# Fluff for upcoming Word Bearers army



## Dirge Eterna (Apr 30, 2007)

The red-armored giant growled. The marine next to him flinched.

Lord Zadakiel stepped from the throne with one flowing movement, the weight of his ancient Terminator armor nonexistant. 

His second stepped next to him. A large power armored figure, Krathos might make an excellent sucessor if something.._unfortunate_ didn't happen to him first. The Lord of the Word Bearers strode across the floor of his command barge, stopping at the plasteel window of the observation bay.

Krathos examined a grubby data-slate, and turned to his lord.

"The world is sixty-five percent urban in nature, my lord. The rest is mostly farmland, with scattered forests and deep-bore mines. All defenses and orbital batteries have been eliminated, and the Chirumeks have assured me their communications are jammed."

Zadakiel considered this for a moment.

"Krathos, bring up the _Hellforger_, I will lead the assault personally."

"Of course, my lord."

Krathos scurried away. No doubt in a few moments his venerable Land Raider would be pulled by vast chains up from The Pit, as they called it. The large holding cell for the demonic vehicles of the Word Bearers.

Zadakiel turned to the cowering tech-priest in the corner.

"Activate the lift."

The Lord stood back as the section of floor he stood upon decended to the loading docks. He passed slave trains, the torture decks, the Pit's entrance (He noticed one of Krathos' Marines body on the floor, the _Hellforger_ had an appetite.), and finally came to rest at the hangers.

Dreadnought Rekald storde to meet him, the vast war engine's steps shaking the deck.

"Lord Zadakiel, it pleases me greatly to serve you once more." rumbled Rekald

"I have no doubt." replied Zadakiel conversationally, as he eyed Krathos hoisting the war engines into the transports.

Rekald's vox fizzed, then "My lord, it occurs to me that we are far overestimating the enemy.

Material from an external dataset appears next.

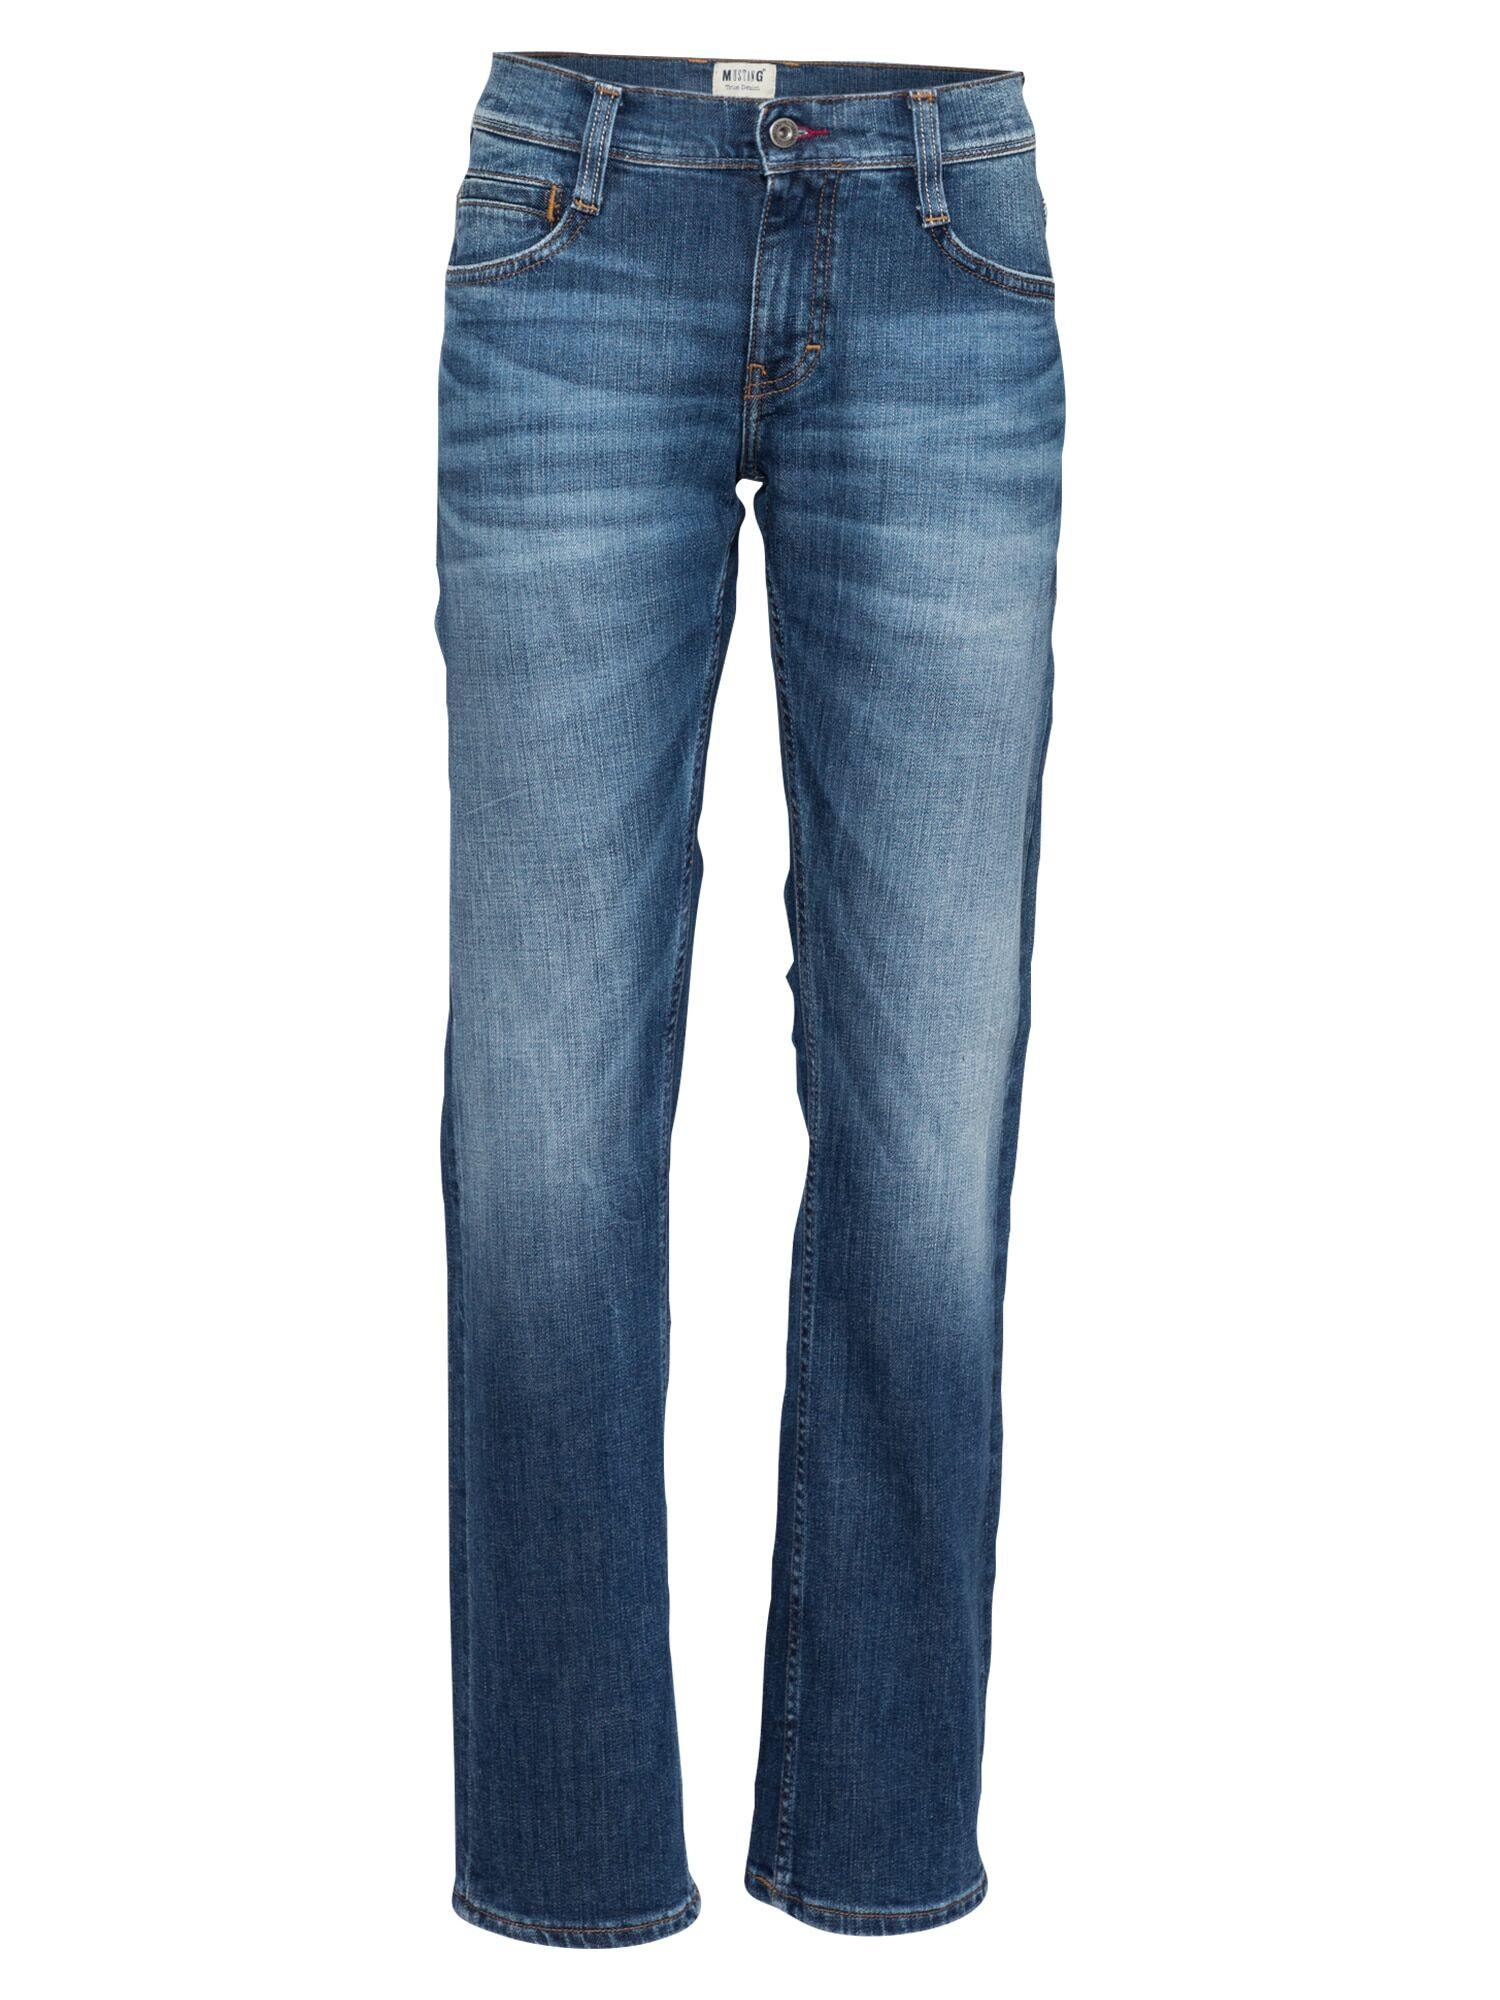 MUSTANG Jean 'Oregon '  - Bleu - Taille: 29/32 - male

Are you sure you wish to commit so much of the band?"

The Dark Apostle chuckled. "Rekald, you are my greatest comrade and a faithful servant, but above all you do not know who you are fighting."

The ancient machine took the compliment with a click-hiss from it's plasma cannon. The other marines often backed away when Rakald powered up his plasma cannon, but Zadakiel had known his comrade long enough to know it as a symbol of immense gratitdue.

"Then enlighten me, lord, so I may serve you better."

"We got to fight the Space Marines of the False Emperor, my friend. We go to fight the Ultramarines."


----------



## Initiate (Mar 25, 2007)

nice piece of fluff. However i saw somethings like a piece in the beginning, that had space marine and flinch in the same sentence. Marines do not flinch unless their thumb is cut off.


----------



## Dirge Eterna (Apr 30, 2007)

Well, I figure Krathos has seen enough of Zadakiel to know when to be alert for a demon weapon through his neck. Also, I think that Chaos Marines are a bit more....self-preservant then the selfless Imperial Space Marines.

-Dirge


----------